I am using machine learning to create a land use regression model. My inputs are geographic coordinates. These I use to extract 80x80 meter satellite images or maps to feed the model.
Lets take the example of a neural network:
Existence: The solution will always exist for any finite input. It may overflow if the input and/or weights are unreasonable large, but the solution exists in principle.
Unique: The solution will be unique by definition. Of course, the training data may have non-unique outputs for their inputs due to measurement noise, but the resulting model will only produce one output given an input.
Continuity: Hadamards last criterion I am uncertain how to adjust to land use regression. While neural networks are function compositions of continuous functions and thus continuous themselves, the input images are not; If the modelspace is a CNN that takes satellite images as inputnot; The border between various object, wallslike houses and street will suddenly appear as you scan across a citystreets, form discontinuities.

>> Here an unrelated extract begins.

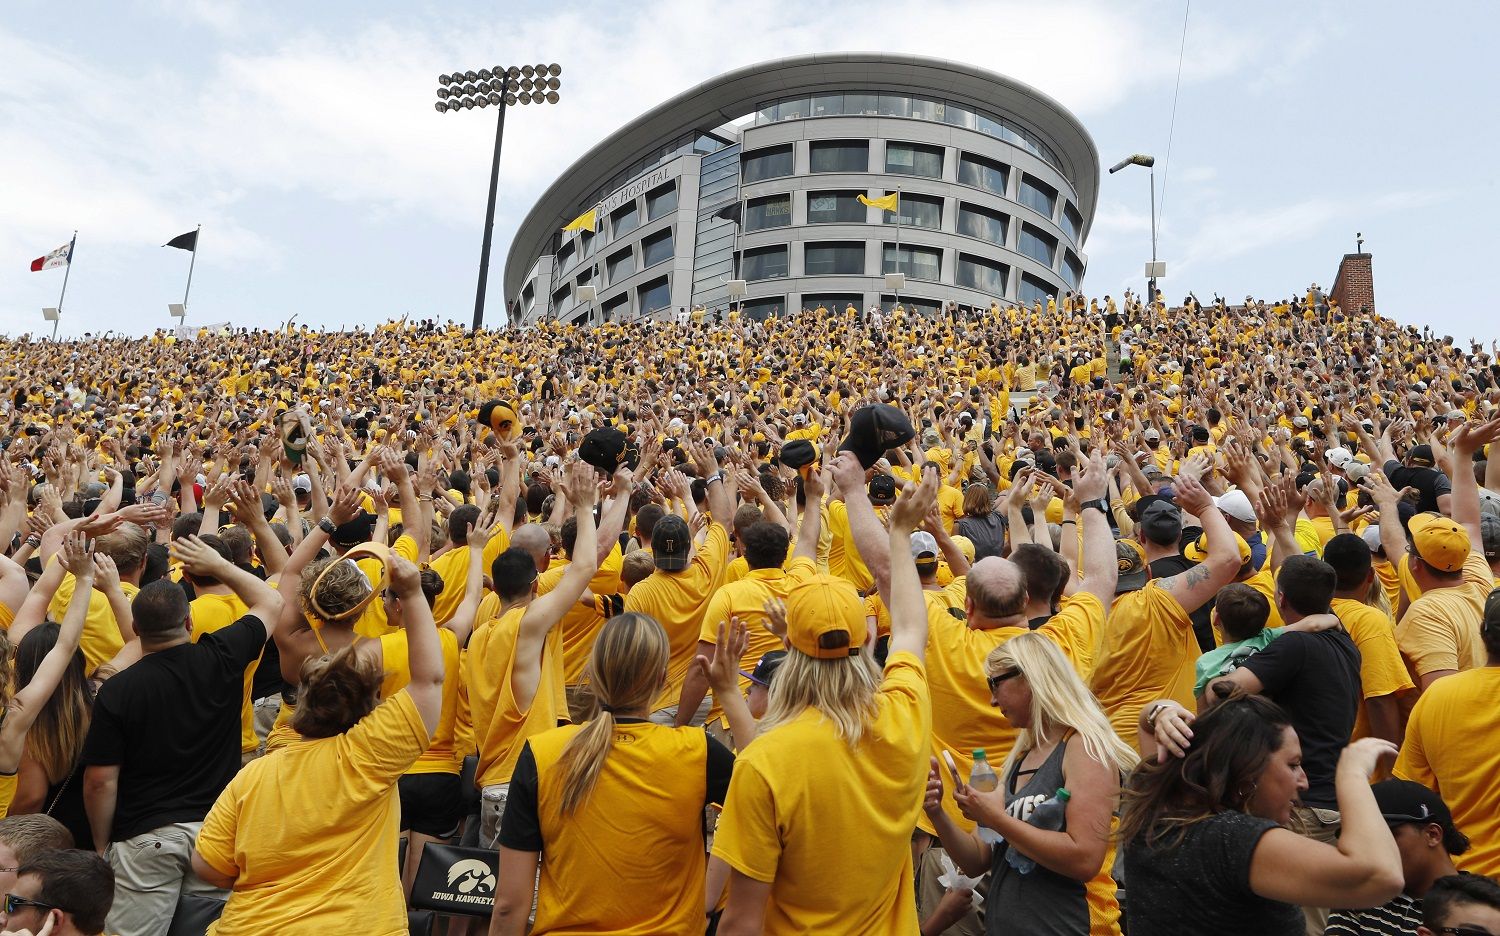 Iowa fans wave to children in the University of Iowa Stead Family Children's Hospital at the end of the first quarter of an NCAA college football game against North Texas, Saturday, Sept. 16, 2017, in Iowa City, Iowa. (AP Photo/Charlie Neibergall)

Sure, if I deform what's inside the image continuously, there is no issue, but how can I allow, lets say, a new street continuously enter the image? If I start scanning over a street, and I do it as a function of time, there will be a time $t_n$ in which the image $I(t_n)$ does not contain the street but after which $I(t_n +\delta)$ will include the street for all $\delta>0$ (as long as $\delta$ is not so large that the street has left on the opposite side of the image). This is a discontinuity that would lead to discontinuous output as well, and thus contradict Hadamards final property.
What is the correct way to think about this if I want it to be well-posed? I mean, I guess I can consider my inputs as a local statistic of sorts while my actual input is the entire globe... But, how would one go about making land-use regression well posed? Or for that sake, any problem where the input is a rectangular subset of Earth as seen from space.